Acheter neuf mais de qualité
L’ acte de passer à la caisse est un acte citoyen qui envoie un message aux marques. Alors avant cette ultime étape, on lit les étiquettes et on se réoriente vers des produits labellisés Fairtrade et/ou GOTS qui garantissent le respect de critères sociaux et environnementaux. Et comme il n'est pas toujours facile de se retrouver dans les étiquettes, les labels textiles et les affirmations des marques éco-responsables. Voici quelques pistes pour mieux préparer votre prochain shopping durable.
- Se méfier des prix très bas : ils vous indiquent que le vêtement n’a pas été fabriqué dans des conditions décentes. La qualité est certes souvent plus chère mais dure plus longtemps. Pour ne pas exploser votre budget, privilégiez la qualité à la quantité et respectez le principe du « acheter moins » mais de meilleur qualité.
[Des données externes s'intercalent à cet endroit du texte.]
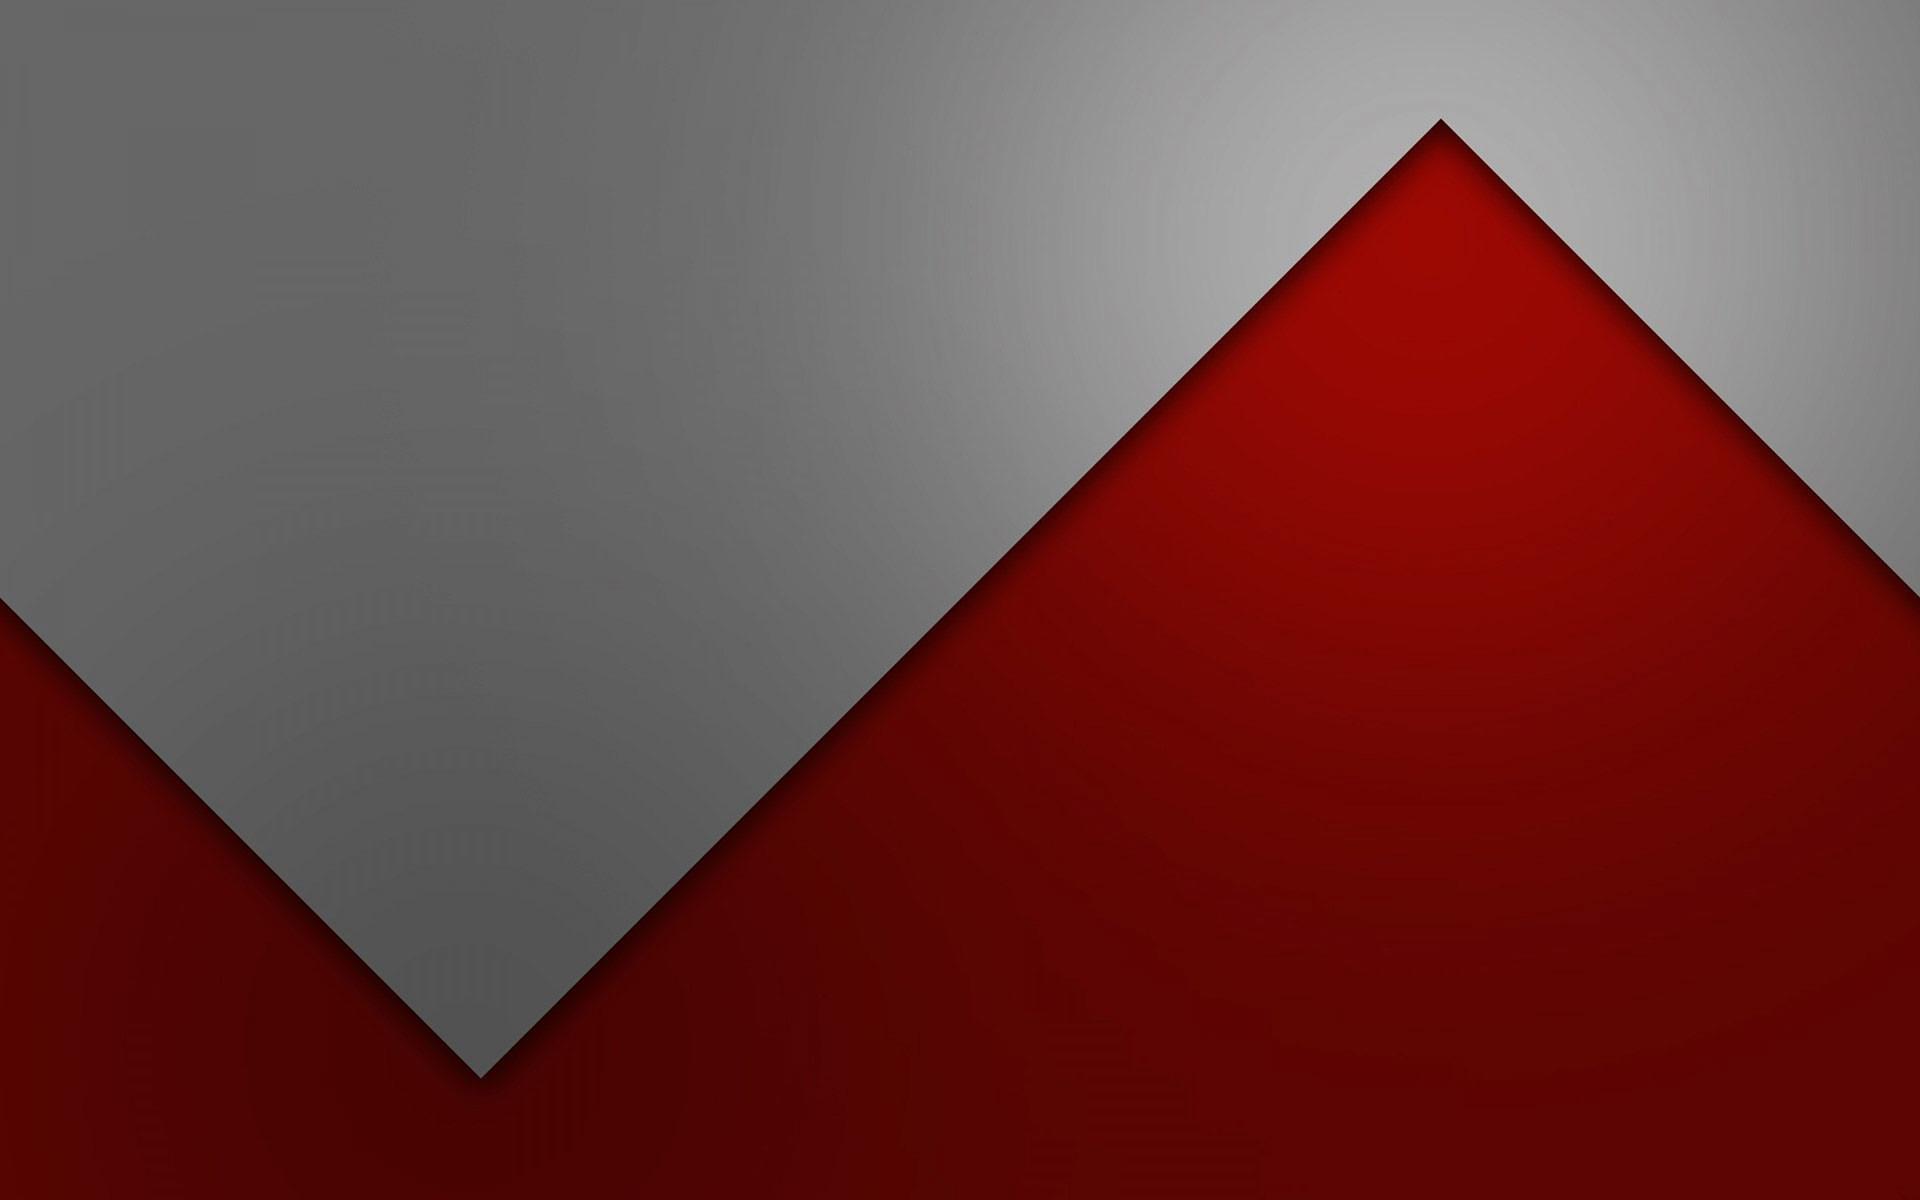 Red Wallpaper 15

- Connaître les bons labels. Les labels textiles se sont multipliés au cours des dernières décennies, mais ils ne sont pas tous fiables. Comme référence on peut par exemple prendre les labels Fairtrade ou GOTS qui garantissent le respect de critères sociaux et environnementaux très stricts lors de la production du vêtement. Vous pouvez trouver une offre de plus en plus large et diversifiée de produits textiles Fairtrade chez nos partenaires au Luxembourg et en ligne.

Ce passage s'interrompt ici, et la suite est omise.